Friday, April 18, 2008

European Reaction to ABC Debate on April 16

"readers had left more than 12,300 comments on the ABC News website, most of them attacking the programme."

US network faces backlash after Democratic debate

The Guardian - London
April 17, 2008
David Nasaw

American television network ABC was accused of bias and triviality today in the wake of the latest debate between Democratic presidential candidates Hillary Clinton and Barack Obama.

American television viewers and media commentators lashed out at the network, decrying the format of the debate, which they complained amounted to a venue for the candidates to reiterate political attacks rather than delve into substantive policy disagreements.

The network was also criticised for a perceived slant against Illinois senator Barack Obama, particularly because moderator George Stephanopoulos worked in President Bill Clinton's White House as an adviser and aide.

By mid-morning today, readers had left more than 12,300 comments on the ABC News website, most of them attacking the programme.

"This debate should have been shown on E! or MTV," wrote one viewer named Dave_Gee.

"ABC was the obvious loser of last night's debate," wrote another, dubbed SFG07. "How shameful to operate from the gutter when there's so many important policy issues that could have been addressed. Your news team was appalling."

The network was lambasted for Stephanopoulos and co-moderator Charlie Gibson's focus for virtually the first half of the program on Obama's recent missteps and his association with his former pastor Jeremiah Wright.

After brief opening statements and a question about vice-presidential picks, Gibson leapt at Obama on comments he made at a San Francisco fundraiser earlier this month.

Obama described denizens of economically depressed small towns as "bitter" voters who "cling to guns or religion or antipathy to people who aren't like them or anti-immigrant sentiment or anti-trade sentiment as a way to explain their frustrations".

His rival, Senator Hillary Clinton, had spent the past several days attacking him on the remarks and seeking to portray Obama as an elitist and out of touch.
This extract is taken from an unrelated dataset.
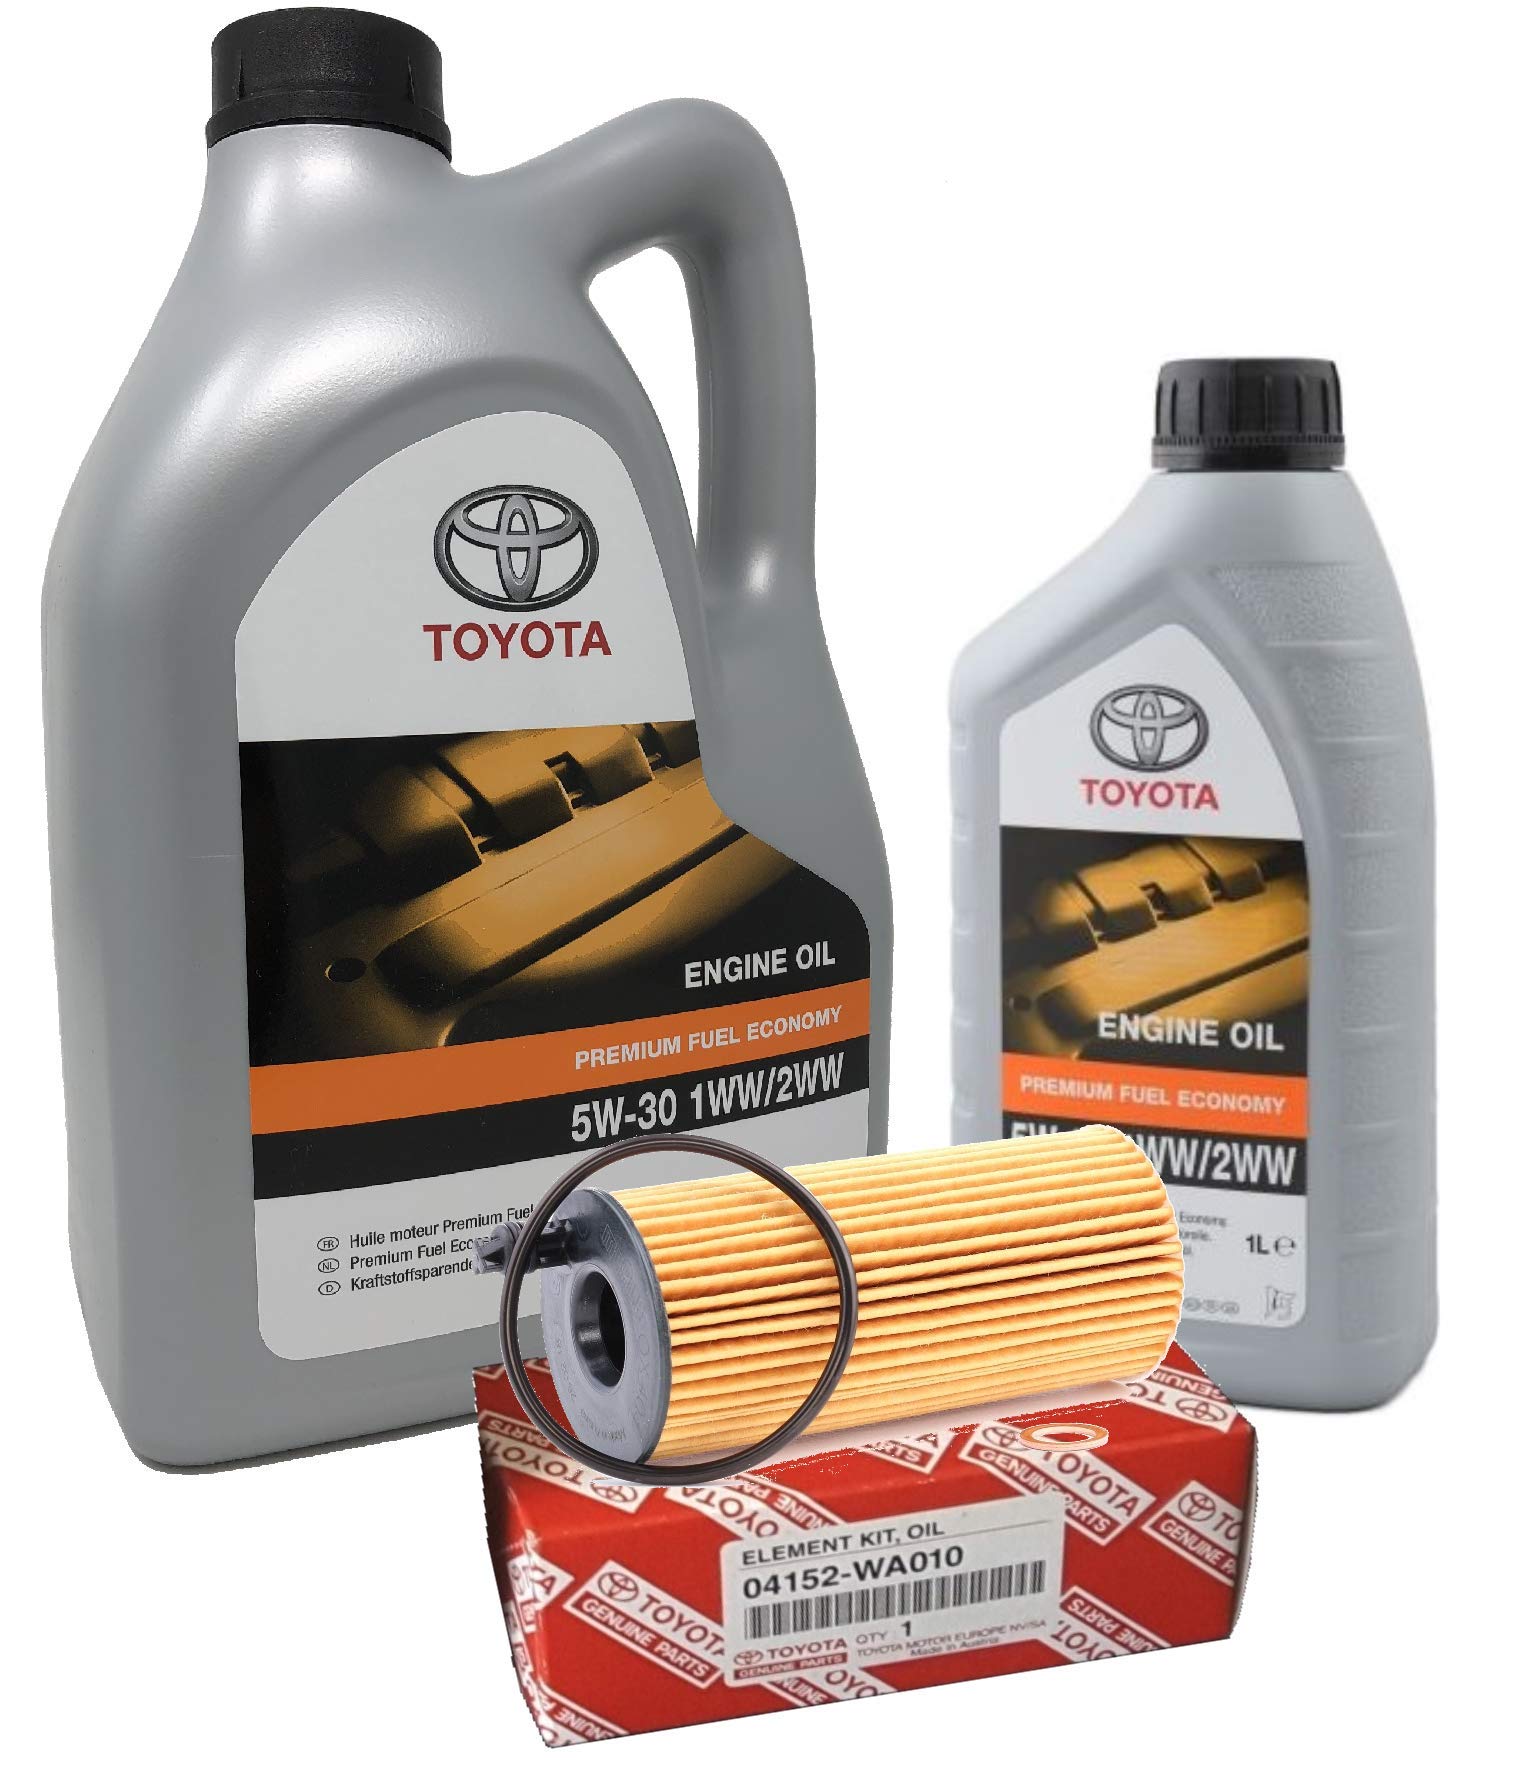 Original Motoröl - Toyota PFE 5W-30 1WW 2WW, Packung 6 Liter (Dieselmotoren) + Original Ölfilter von Toyota

In raising the remarks, Gibson was seen last night as creating an opening for Clinton once again to attack Obama. She obliged.

Gibson then raised the Illinois senator's relationship with Wright, whose incendiary remarks on race relations in the US were seen by many as anti-American.
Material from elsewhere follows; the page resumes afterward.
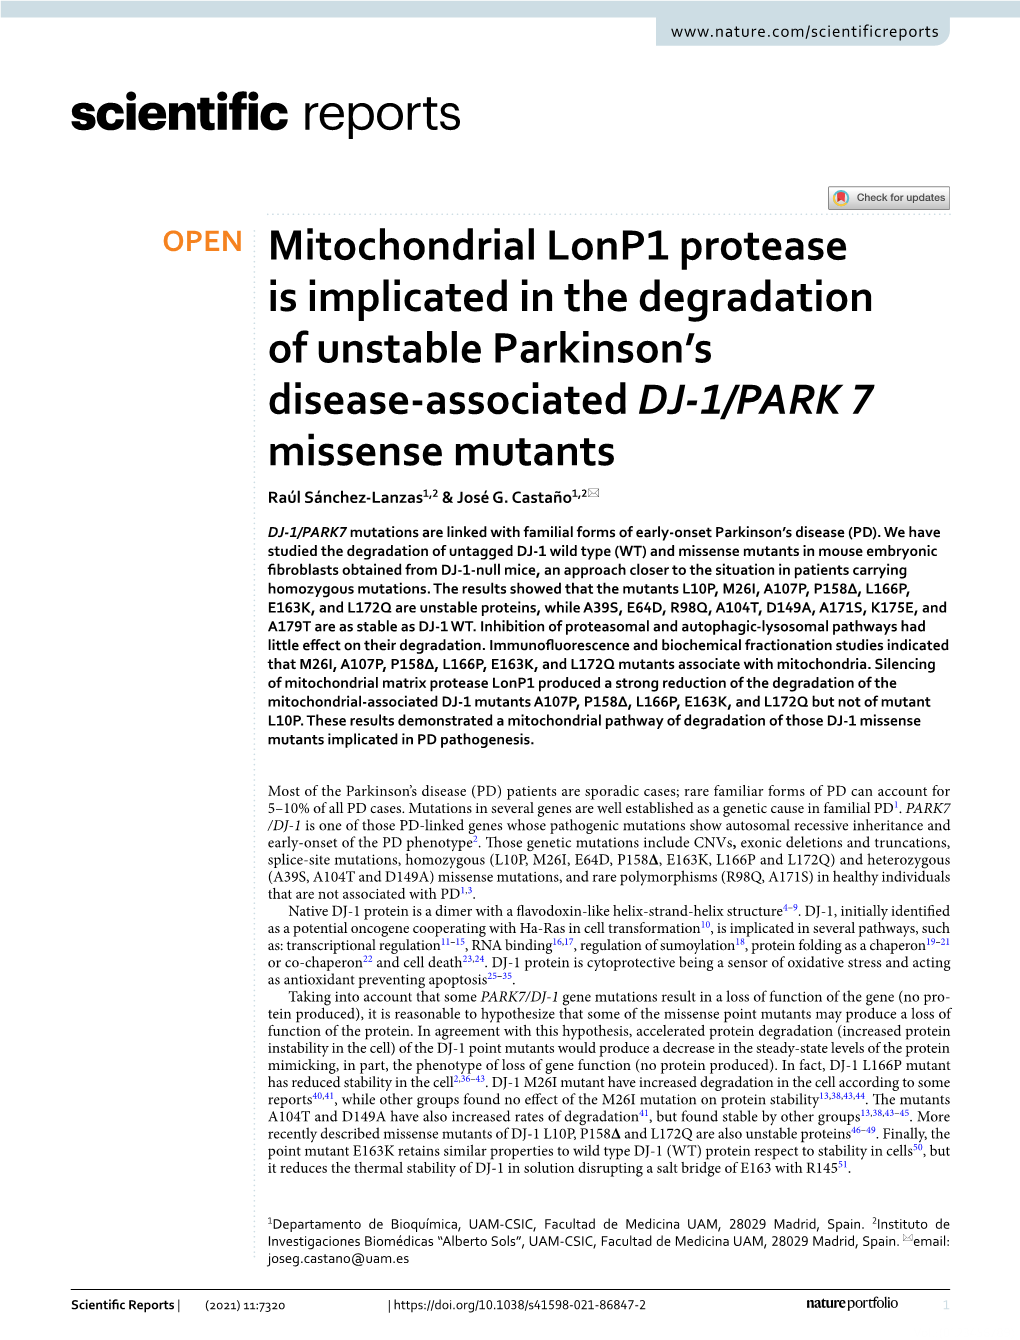 Mitochondrial Lonp1 Protease Is Implicated in the Degradation of Unstable Parkinson’S Disease‑Associated DJ‑1/PARK 7 Missense Mutants Raúl Sánchez‑Lanzas1,2 & José G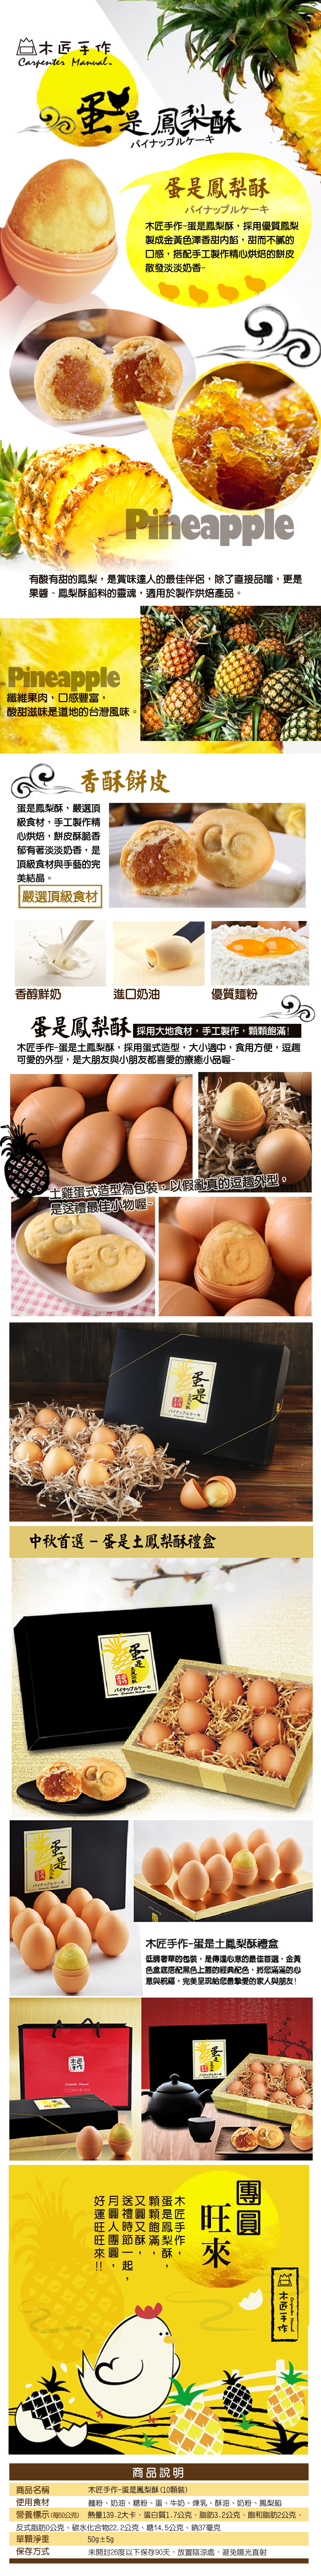 【木匠手作】蛋是土鳳梨酥禮盒(10顆/盒) 創意伴手禮 雞蛋造型鳳梨酥

Obama has distanced himself from the Chicago preacher, and largely defused the matter with a well-received speech in Philadelphia last month.
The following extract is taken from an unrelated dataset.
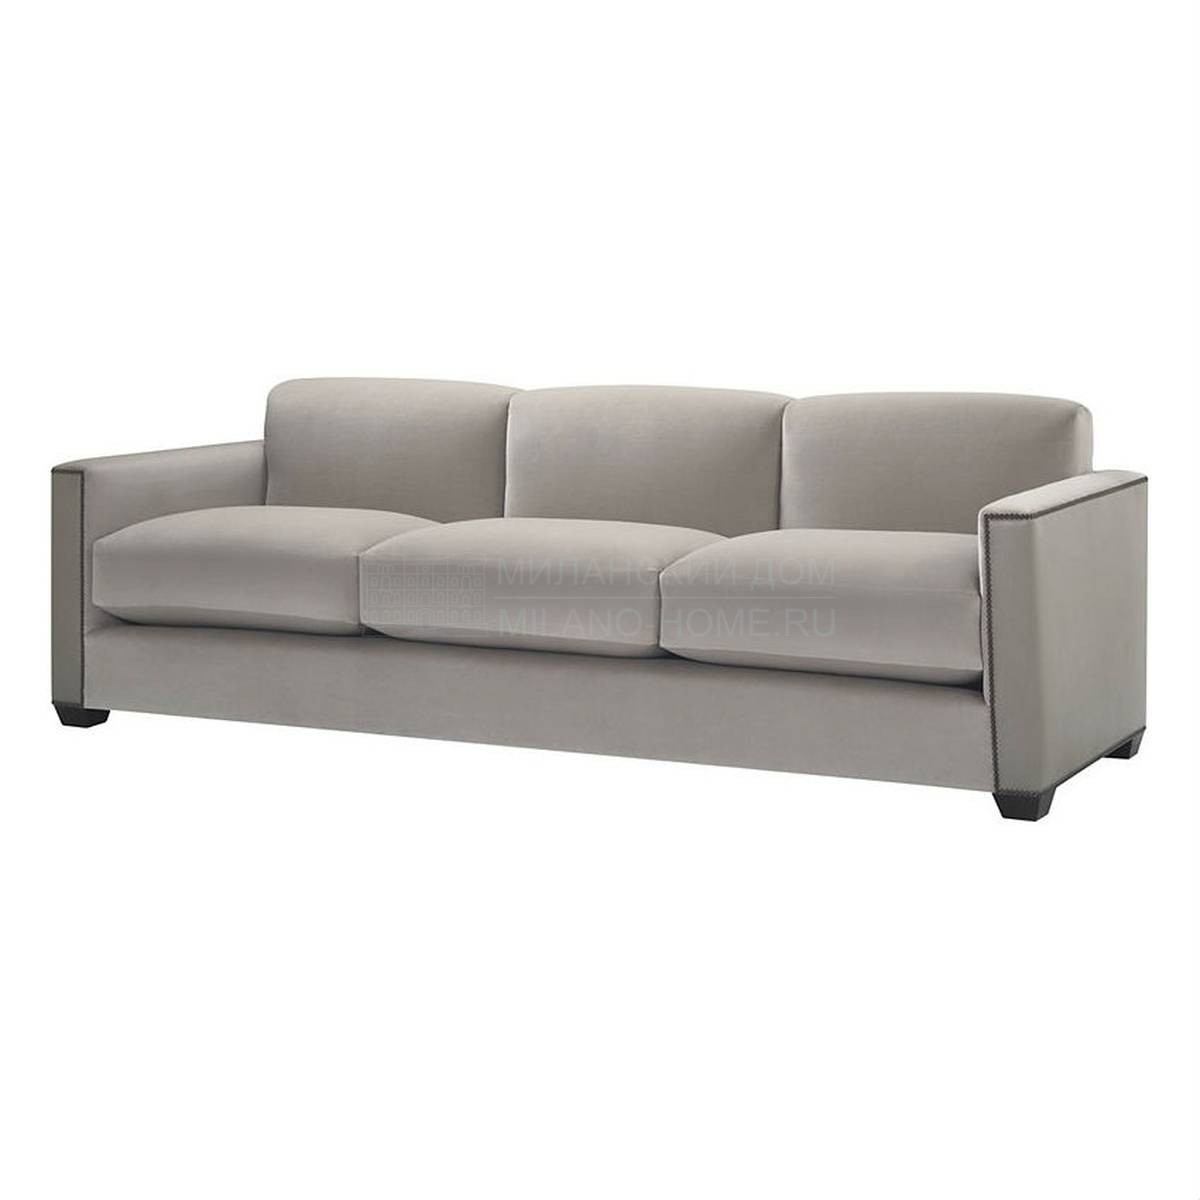 Прямой диван Manhattan sofa из США фабрики BAKER

A spokesman for media monitoring organisation Media Matters said the network missed an opportunity to "offer the American people a frank discussion of the issues that we all face and how these candidates plan on tackling them.

"Instead, those that tuned in saw a veteran news team clearly out of touch and more interested, frankly, in gaffes and gotchas than health care, the war in Iraq, and our failing economy," said the spokesman, Karl Frisch.

"For the first 52 minutes of the two-hour, commercial-crammed show, Gibson and Stephanopoulos dwelled entirely on specious and gossipy trivia that already has been hashed and rehashed, in the hope of getting the candidates to claw at one another over disputes that are no longer news," Washington Post television critic Tom Shales wrote this morning.


link to article

1 comment:

Anonymous said...

Look up astroturfing (in the political sense), and you'll find the mechanics of the debate reaction (nothing wrong with that btw but it is a political tactic - that is how the restrictionists inflated their opposition to the Dream Act and CIR too).

This post from the blog, Talk Left, explains exactly my feelings about the ABC debate:

http://www.talkleft.com/story/2008/4/18/16534/5693

"There is something incredibly galling about all the new harrumphing from these august figures about what ABC did in Wednesday's debate. The galling part is not the protest of the ABC Debate, which was a travesty. The galling part was the shameful and inexcusable silence from these same figures when it was NBC performing the travesties. Shame on the signatories to that letter, not for signing that letter, but for not signing one about NBC earlier. You have no credibility to complain now. None."
(the blogger is referring to liberal groups, journalists, and bloggers like MoveOn and Daily Kos)

A lot is riding on this election for Dreamies (the Presidency and the margins in the Senate). I'm sure Obama and Hillary supporters have different ideas of who can win and who can bring a governing majority.